Our objectives were to identify vertebrate commensals using tortoise burrows and determine if vertebrate burrow commensal composition differed across active, inactive, and abandoned burrows in a working forest. We hypothesized that the composition of the vertebrate commensal community would differ across burrow classifications. We predicted that active burrows would support a distinct suite of vertebrate species compared to inactive and abandoned burrows, with this suite of species benefiting from recent tortoise activity (e.g., feces [coprophagous insects], burrow maintenance) within these burrows (Lips, 1991; Kent et al., 1997; Dziadzio and Smith, 2016). We predicted that vertebrate commensal composition of inactive and abandoned burrows would be similar with species using these burrow classifications being less reliant on recent tortoise activity to obtain resources from burrows than commensals associated with active burrows.

MATERIALS AND METHODS

Study area.—Our study was conducted in a working pine forest located in the Upper Coastal Plain ecoregion (Atlantic Southern Loam Plains subunit) of Toombs and Emanuel Counties in Georgia, USA. The site was 32.4 km2 and consisted predominantly of managed Loblolly Pine (Pinus taeda) planted in even-aged stands (22.9 km2). Adjacent pine stands differed in edaphic (e.g., elevation, soil characteristics) and vegetation conditions (e.g., understory composition and density, canopy cover) because of the timing of forest management (e.g., stand establishment, mid-rotational thinning, final harvest). Stand age classes within our study site ranged from 0–3 years, which includes recently harvested and planted stands, to ∼30+ years. Chemical and mechanical site preparation were conducted prior to planting of pines to control woody plant species. Mechanical site preparation was excluded on soils conducive for tortoises. Banded weed control was applied over planted rows one year after stand establishment. This method was used to minimize chemical use and maintain a more diverse plant community. Pine stands were thinned between 12- and 15-years post-stand establishment, with stands thinned to a basal area of 16–17 m2 (70–75 ft2). Stands were assessed post-thin for mid-rotation release (i.e., herbicide application) to control woody plant species and identify fertilizer opportunities. Pine stands were generally harvested 25 years post-stand establishment. Managed pine stands were interspersed with streamside management zones and hardwood areas (5.49 km2), roads (paved and unpaved; 0.78 km2), non-forest areas (e.g., wildlife openings, food plots; 0.09 km2), and utility rights-of-way (0.39 km2). Lands surrounding our study area consisted of agricultural fields, Loblolly Pine stands managed primarily for timber production, suburban and rural development, and pine forests managed primarily for other objectives (e.g., hunting land). The climate was subtropical with a mean annual temperature of 18.5°C and mean annual precipitation of 130 cm (National Oceanic and Atmospheric Administration, 2021).

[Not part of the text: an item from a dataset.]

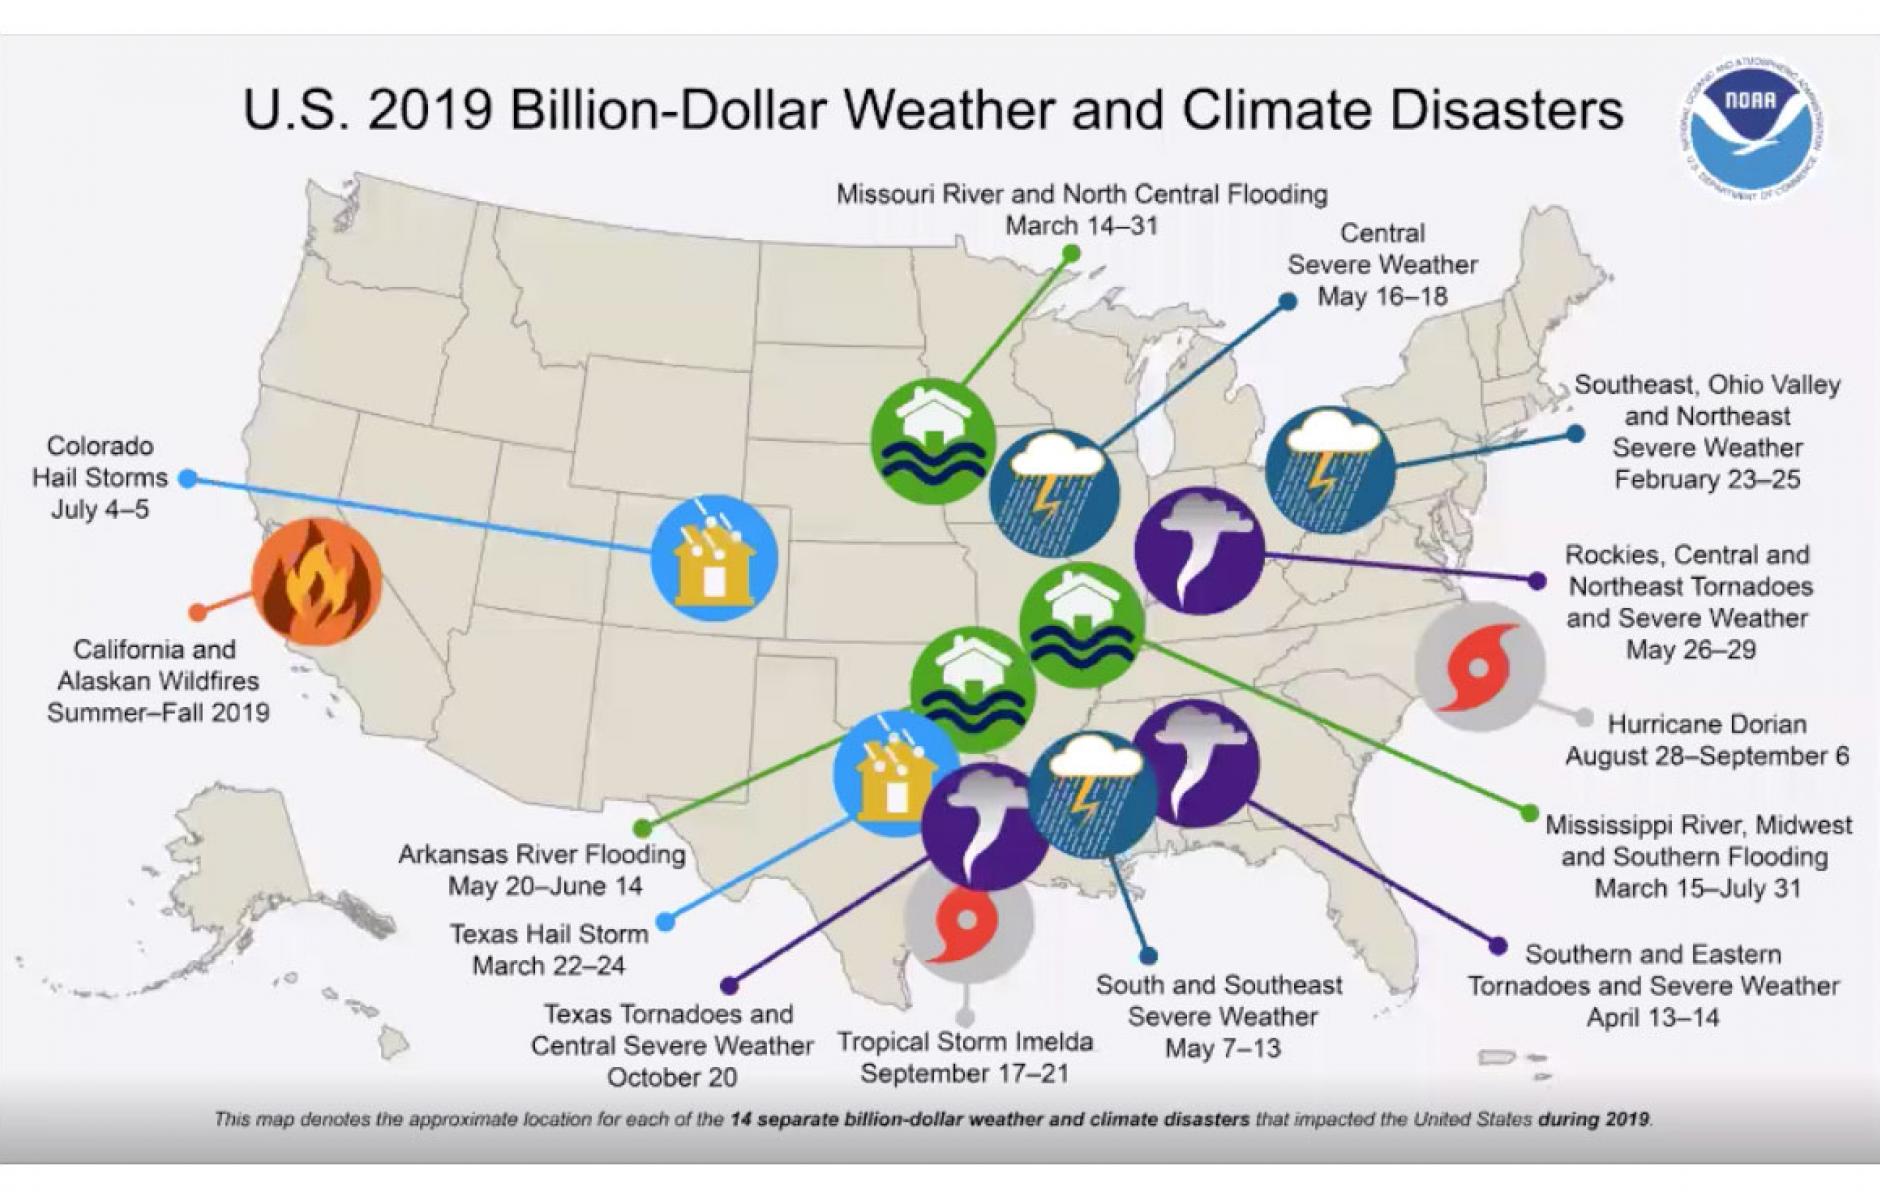 This map denotes the approximate location for each of the 14 separate billion-dollar weather and climate disasters that impacted the United States in 2019.

Field methods.—We used passive infrared wildlife cameras (Spartan SR1-BK, Duluth, GA, USA) to identify vertebrate commensals using tortoise burrows from June–August in 2018 and 2019. Burrows used in our study were derived from datasets of burrow detections from other studies conducted on the study site during 2018 and 2019 (Marshall, 2021; Marshall et al., 2022). Within these datasets, we classified burrows as active (half-moon shaped opening and entrance often having plastron skid marks or footprints), inactive (minimal sign of recent use), or abandoned (burrow opening collapsed or shape was altered; Auffenberg and Franz, 1982; Stober and Smith, 2010; Wigley et al., 2012). We only monitored adult Gopher Tortoise burrows (burrow width ≥ 23 cm; Alford, 1980; Doonan and Stout, 1994). We monitored all burrows for 14 days (a single set), with three sets occurring in 2018 and four sets in 2019. Within each set, we evenly split 18 cameras across a randomly selected set of abandoned, active, and inactive tortoise burrows (6 cameras per category). We set cameras with a trigger interval of five seconds and captured photos for 24 hours throughout each set. We set the photo resolution to five megapixels. We visually inspected all photos and identified detected vertebrates to species. We combined all detections of Peromyscus spp. into a single group due to difficulty in accurately identifying species. We recorded date, time, a unique burrow identifier, and burrow status (i.e., active, inactive, or abandoned) for each detected individual. We considered multiple detections of the same species within ten minutes of each other to be a single detection event to reduce the probability of counting the same individual multiple times. We conducted all research under the University of Georgia Institutional Animal Care and Use Committee (IACUC) protocol A2018 01-018-Y3-A0.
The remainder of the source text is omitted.